Scientific Notes of Crimean V. I. Vernadsky Federal University Biology. Chemistry. Vol. 7 (73). 2021. No 4. P. 69-78.

UDK 575.21

VIRTUAL SCREENING SNP OF GENES ASSOCIATED WITH THE RISK OF USING PSYCHOACTIVE SUBSTANCES TAKING INTO ACCOUNT DIFFERENT PHENOTYPE SIGNS

Krylov P. A.1, Gerasimova E. O.1, Shatyr Y. A.1, Mulik A. B.2

1Volgograd State University, Volgograd, Russian Federation

2Federal State-Financed Institution Golikov Research Clinical Center of Toxicology under the

Federal Medical Biological Agency, Saint Petersburg, Russian Federation

E-mail: krylov.pavel@volsu.ru

The virtual screening of SNP was performed using an automated program that automatically searched for articles and generated a list that included polymorphisms associated with the risk of substance use and various phenotypic traits. The screening found over 800 publications describing the relationship of addictions to psychoactive substances associated with various phenotypic traits of a person. To assess these relationships, 19 most common polymorphisms were selected. As a result of the analysis, it was revealed that in a number of cases the effect of one or another polymorphism on the phenotypic traits of a person has no proven clinical significance, is localized in possible regulatory sites and does not lead to structural and functional changes in proteins. Out of 19 polymorphisms, 7 were selected: rs6579845, rs1360780, rs16965628, rs1800497, rs1789891, rs6277, and rs4680 as the most likely candidates for the role of key SNPs associated with phenotype parameters characteristic of a psychoactive substance user.

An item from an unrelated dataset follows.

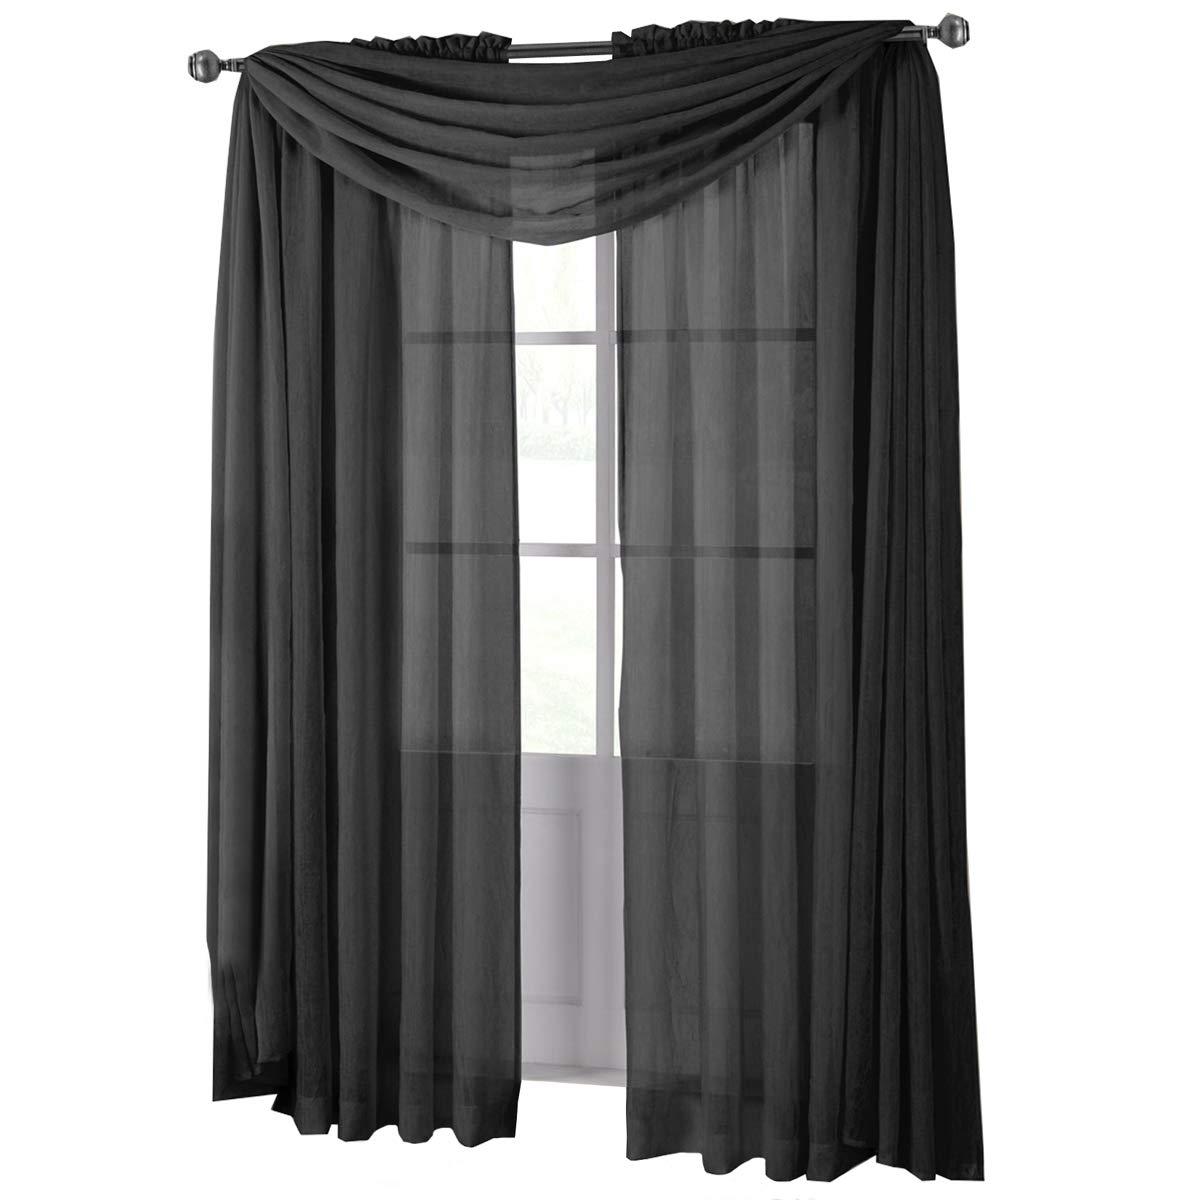 bfe5791e1da Amazon.com  Royal Hotel Abri Black Rod Pocket Crushed Sheer Curtain Panel

Keywords: PMC, SNP, psychoactive substances, human phenotype, virtual screening SNP, data bases SNP.

INTRODUCTION

The biological predisposition to drug addiction, alcoholism and tobacco smoking is due to a number of specific manifestations of the neurochemical functions of the brain, provoking the development of mental and physical dependence on psychoactive substances (PAS). These manifestations, in turn, are a consequence of the implementation of the individual genetic program of human ontogenesis. Currently, a set of genes is known for which a convincing confirmation of their connection with the emergence of a narcotic drug has been obtained and published [1], alcoholic [2, 3] and tobacco [4, 5] dependencies.

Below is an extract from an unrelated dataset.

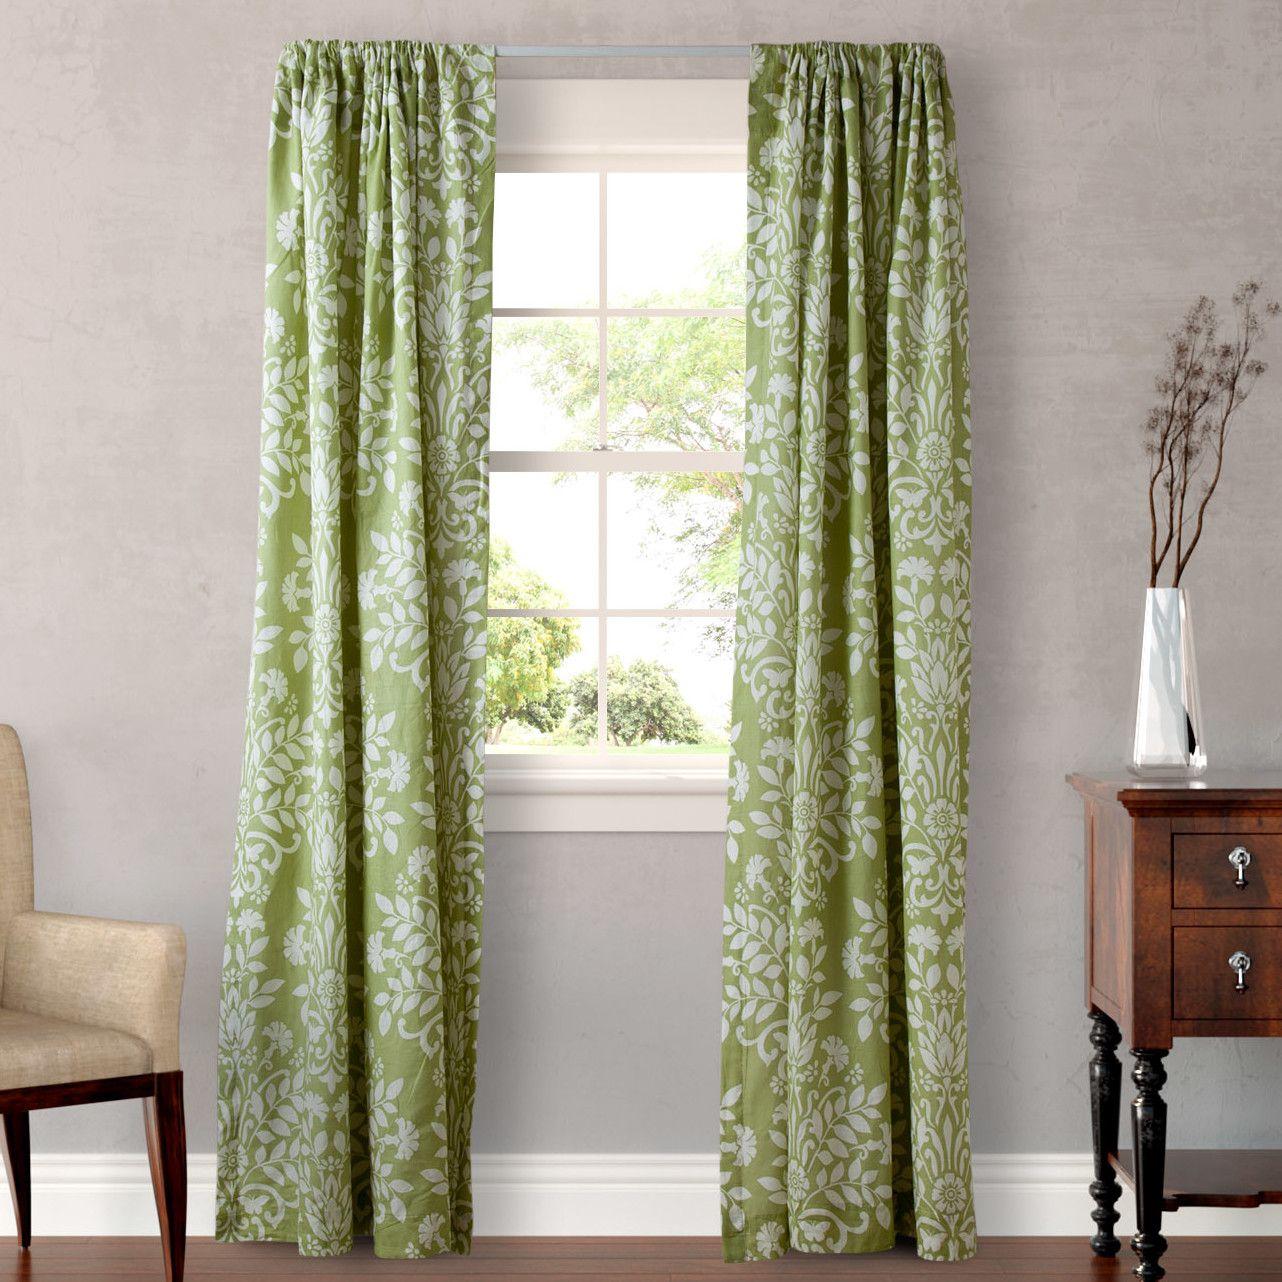 Laura Ashley Home Rowland Curtain Panel Sage Curtains Panel

At the same time, the role of phenotypic factors in the formation of the risk of the demand for PAS is known. A number of studies confirm the presence of links between the somatotype and psychological qualities of a person with the consumption of, first of all, "legal" PAS [6, 7]. Previously performed own studies substantiated the influence of psychophysiological status on the development of alcohol and tobacco dependence in humans. It was determined that an increased propensity to consume alcohol and smoke tobacco is associated with a high level of general nonspecific reactivity of the body [8, 9]. Further study of the mechanisms of the formation of a person's tendency to the demand for

PAS requires the specification of the most probable genes and their polymorphisms, which determine the phenotypic signs of the manifestation of deviant forms of behavior that form the risk of the studied addictions.

The search and analysis of polymorphisms can be divided into two approaches. The first approach involves the experimental production of mDNA or mRNA, their sequencing and assembly of the genome (genes), followed by decoding and entering the results into the dbSNP [10, 11]. The second approach is bioinformatic, which is an automated virtual screening of SNP databases and the identification of those polymorphisms that have not been studied or could be of interest for study for solving problems in various fields of science. In this regard, we chose the second approach, since there is a lot of data on polymorphisms and their number is constantly increasing, and manual analysis requires a lot of time.

MATERIALS AND METHODS

The algorithm used was developed in the form of a script written in the Pythonv programming language. 3.6.5 (Python Software Foundation, USA) in PyCharm environment (USA) [12]. The following plug-in libraries and modules were used to develop the algorithm: the Requests v.2.24.0 library was used to implement the request; for searching and selecting information from database sites - library Beautifulsoup4 v.4.9.1. [13]. The script was executed on the command line, and saved to a Microsoft Excel (Microsoft, USA). The databases Pub Med Central (National Institutes of Health's National Library of Medicine, USA) and dbSNP (National Center for Biotechnology Information, USA).

The search and work on the study of SNPs took place in two main stages. The first stage included a search for publications in Pub Med Central (National Institutes of Health's National Library of Medicine, USA) that mention SNP and its relationship with phenotypic traits, as well as the use of surfactants using an algorithm [12]. The following synonymous construct was used for the search: [Psychoactive substances or alcohol or tobacco or smoking or drugs] and [Pain sensitivity or reactivity of the body or body mass index or height or weight or excitability or anxiety or cyclothymic or aggressive or depressive or extraverted or adventurous or masculine or activity or hyperthyness or shyness or emotiveness or empathy or exaltation] and [human or man or woman] and SNP. After that, in the publications found, 2 experts in this field analyzed and identified SNP associated with the human phenotype and the use of surfactants.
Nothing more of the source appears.